Диагностика. Лихорадка Эбола клинически не отличается от лихорадки Марбург и часто диагностируется как другая ГЛ, тропическая малярия, брюшной тиф и паратифы, шигеллез, риккетсиоз, боррелиоз. Дифференциальная диагностика проводится с лептоспирозом, лихорадкой Цуцугамуши, чумой, Ку-лихорадкой, трипаносомозом, висцеральным лейшманиозом. При исследовании крови больных лихорадкой Эбола выявляется нейтрофильный лейкоцитоз, увеличение скорости оседания эритроцитов (СОЭ), анемия и тромбоцитопения.

Важным в диагностике является тщательно собранный эпидемиологический анамнез и анамнез путешествий, выявление контактов с летучими мышами, приматами в неблагополучных районах.

Подтверждением диагноза является изоляция вируса, обнаружение его антигена, РНК в ПЦР во время острой фазы болезни.
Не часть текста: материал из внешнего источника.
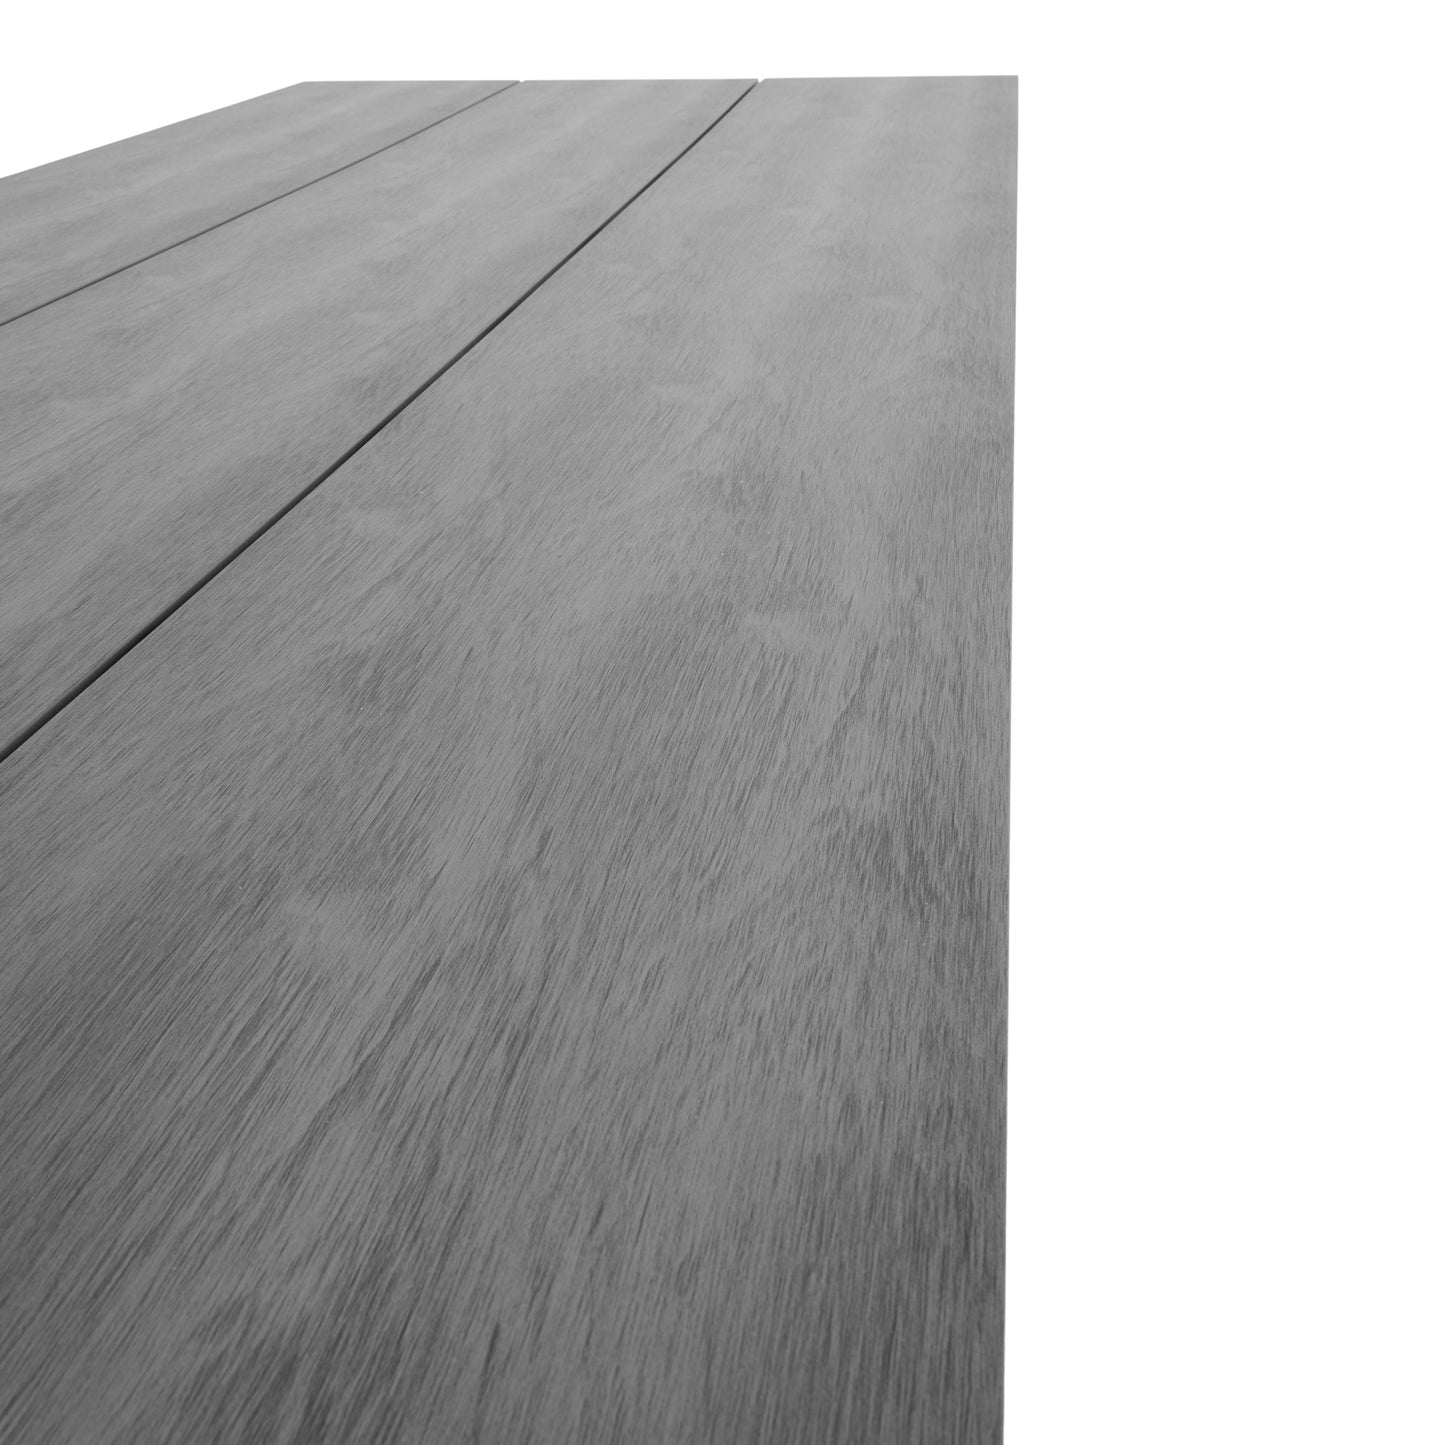 Denver Havebord - Havebord med bordplade i grå nonwood og sorte ben 210x100 cm

В 2013 г. в РФ сертифицирован отечественный набор праймеров для определения РНК вируса в ПЦР в биологических жидкостях. Иммунофлюоресценция подтверждает присутствие вируса в клеточной культуре, материалом служат кровь, моча, мокрота и аутопсийные материалы больных.

Существенное значение имеет поиск антител в крови и оценка их в динамике с интервалом 5 7 дней в РСК или ИФА. Нарастание титров однозначно подтверждает лихорадку Эбола. Обнаружение иммуноглобулинов класса М позволяет верифицировать диагноз при однократном исследовании.